午夜时分,寂静得阴森可怕。残月从萨尼山后升起,在繁星中间,显得就像一张埋在灵床的黑色枕头里的白苍苍的死人的脸,在四周的微弱烛光映照下尤其令人心惊。黎巴嫩山脉像被岁月压弯脊背、被苦难扭曲身骨的老翁一样,眼里没有困意,与黑夜谈天,等待黎明到来,颇似一位被废黜的君王,坐在宫殿废墟间的宝座灰烬上。高山、树木和河流随着情况和时间的变化而变换着自己的形态与外表,就像人的面容一样随着思想和情感的变化而变化。白天里高高挺立的白杨树就像娇媚的新娘子,微风戏动着她那长长的衣裙,然而到了夜晚,它却像一根烟柱,高高插入无垠的天空。午间像强有力的藐视一切灾难的暴君一般的巨大岩石,在夜里却变得像一个可怜的穷光蛋,只有以大地当褥,盖着夜空作被。我们清晨看到的溪流波光粼粼,如同银色的蜜汁,耳闻它欢唱着永恒之歌;及至傍晚,它却像从山谷半腰淌泻下来的泪河,耳听它在像失子的母亲痛哭、哀号。
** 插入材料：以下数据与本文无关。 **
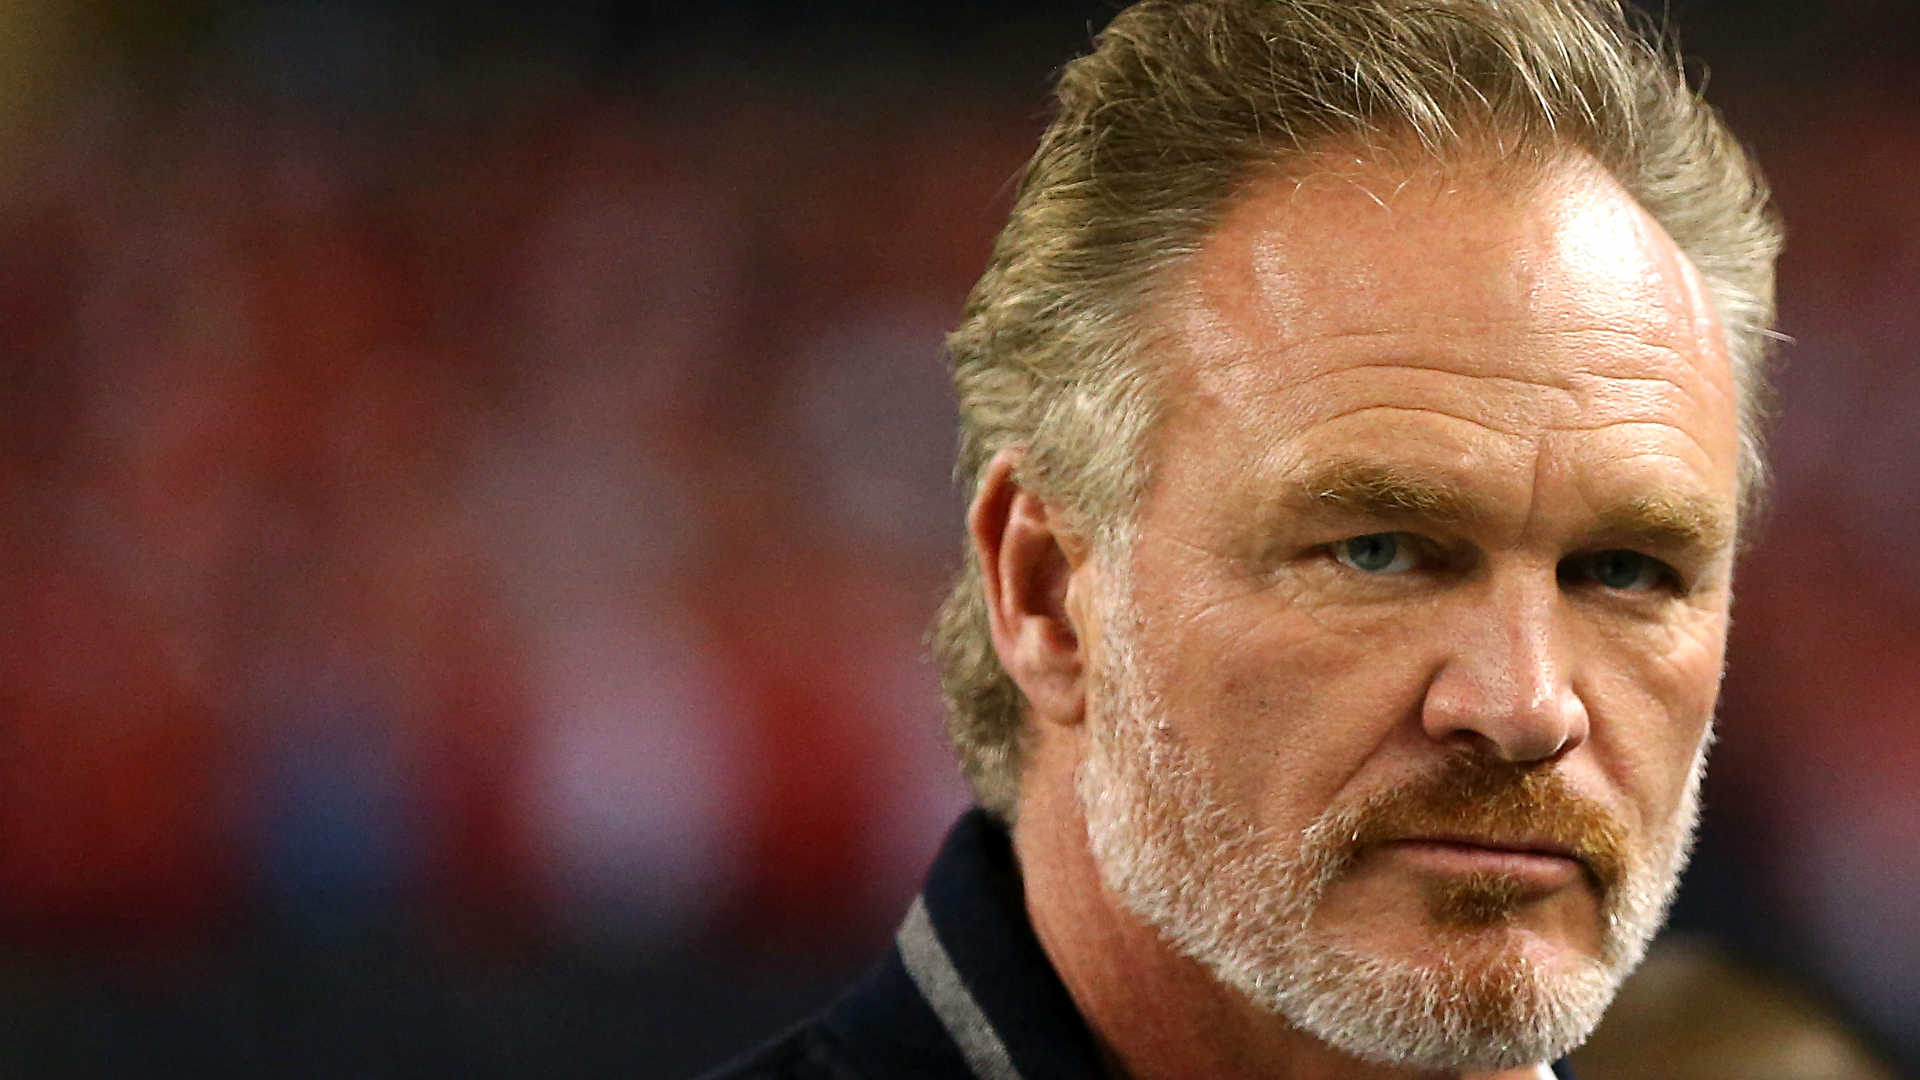 Oklahoma icon Brian Bosworth weighs in on Sooners' defense, Baker Mayfield's future

一个星期以前,黎巴嫩山脉还是那样威严、壮观,其时皓月当空,人心欢畅;而那一夜里,它却变得愁眉苦脸、萎靡不振,面对着徘徊在夜空的暗淡残月和一颗悸动在心中的怏怏之心,显得那样寂寞孤独。
我们站起身来告别时,爱情和失望像两个可怕的魔影横在我俩之间:前者展开翅膀在我们的头上盘旋,而后者则用魔爪掐住了我们的喉咙;前者惊惶地哭泣,后者却讥讽地大笑。当我捧起赛勒玛的手放在我的双唇上亲吻、祝福时,她靠近我,吻了吻我的头发分缝处,然后坐在木椅上,合上眼,缓缓地低声说:
“主啊,求你怜悯!求你让所有被折断的翅膀强健起来吧!”
我离开赛勒玛,走出花园,只觉得我的感官被罩上了一层厚厚的纱幕,酷似雾霭在湖面弥漫。我独自走去,道路两旁的树影在我面前晃动,就像从地缝里钻出来的魔影在故意吓我。微弱的月光在树枝间瑟瑟颤抖,活似遨游在天空的妖魔向我的胸膛射来的一支支细长的利箭。我的周围一片沉寂,仿佛是黑暗之神捂在我身上的沉重黑色巨掌。
那时刻,存在中的一切,生活的全部意义,心灵里的所有秘密,都变得丑陋、可怕与骇人听闻。世间的美和存在的欢乐让我看到的精神之光,已经化为火,其烈焰灼烧着我的心肝,其烟雾笼罩着我的心灵。万物之声汇成的并使之成为天国之歌的和声,一时间化为比狮吼更加令人恐惧、比深渊呐喊更加深沉的啸鸣。
我回到自己的卧室,一下便瘫倒在了**,就像被猎人射中的鸟儿,心被箭穿透,直坠落在篱笆之间。我的理智一直摇摆在可怕的苏醒与不安的睡梦之间,在这两种情况下,我的灵魂都在重复着赛勒玛的那些话:“主啊,求你怜悯!求你让所有被折断的翅膀强健起来吧!”
死神宝座前
婚姻,在我们这个时代是一桩可笑又可悲的交易,完全被男青年和姑娘们的父亲们所包揽。在这场交易中,多数地方的男青年们赢利,父亲们赔钱,而被当作货物从一家移入另一家的姑娘们,则欢乐尽失,如同旧家具一样,她们就被放在房舍的角落里,面对黑暗,慢慢地消亡。